Italy’s 2018 elections will hinge on immigration

Street protest in Rome against admitting immigrants
Public meeting in Rome's Piazza della Rotonda against the reopening of the Identification Centers for Migrants ordered by the government (souce: dpa)
  • In 2017, the number of migrants arriving in Italy by the Mediterranean was sharply down
  • Italy’s new electoral law will loom large in determining the winner in 2018
  • Italian politicians appear to believe that there is no market for a more liberal approach

Whoever wins the next Italian election is bound to promise to get tougher on immigration. Voters are increasingly concerned about the issue, though it is far from obvious that the country is going through an “immigration crisis.” Pro-immigration advocates harp on Italy’s need to expand its labor force and shore up its social security system, but the point is hardly winning hearts and minds. A deciding factor in the upcoming elections between the left, the right and the populist Five Star Movement could be the contestants’ ability to take a credible, tough position on the issue.

According to a 2016 Eurobarometer analysis, immigration is perceived by 49 percent of Italians as Europe’s most significant challenge.
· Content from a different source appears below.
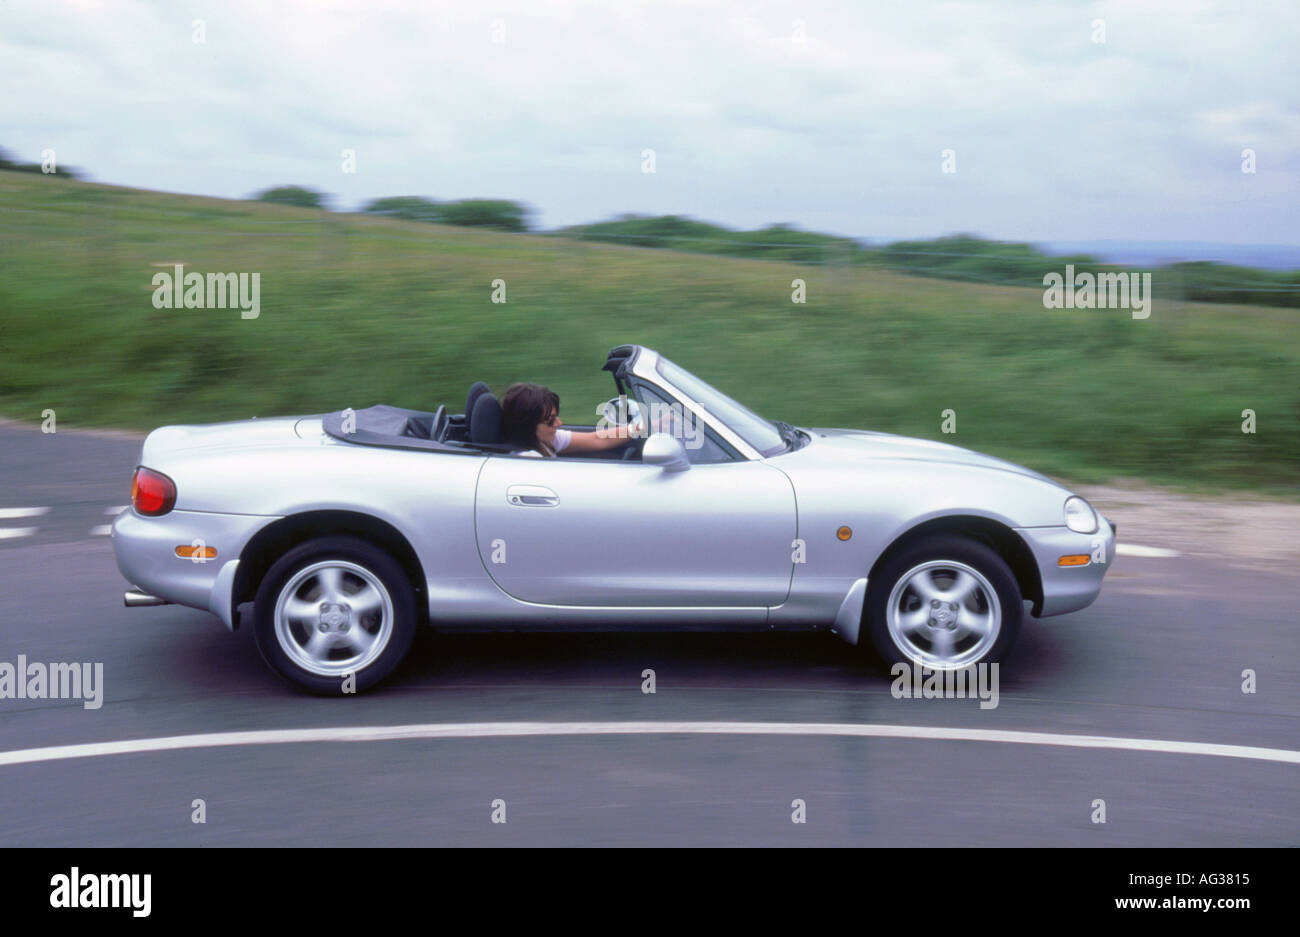 Kelebihan Kekurangan Mazda 1999 Murah Berkualitas
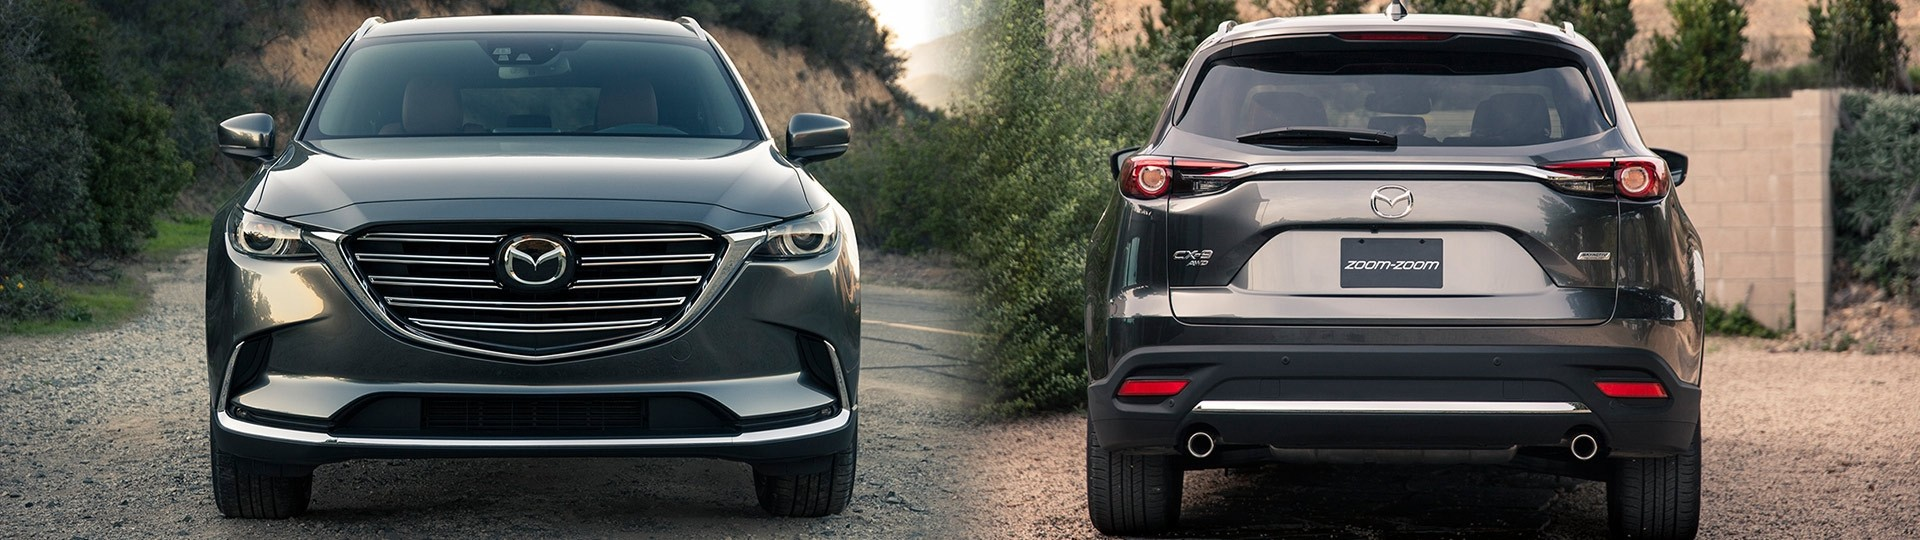 2016-Mazda-CX9-Direct-Front-Back-Exterior-Orlando-FL-mobile

As many as 42 percent also consider it the most important domestic issue, though more Italians (47 percent) rank unemployment at the top. Tellingly, these figures far outstrip concern about terrorism, which is rated as the most serious European issue by 23 percent of Italians and the most pressing problem domestically by only 8 percent. While fear of immigration and fear of terrorist attacks are often conflated, Italian voters seem to distinguish sharply between the two.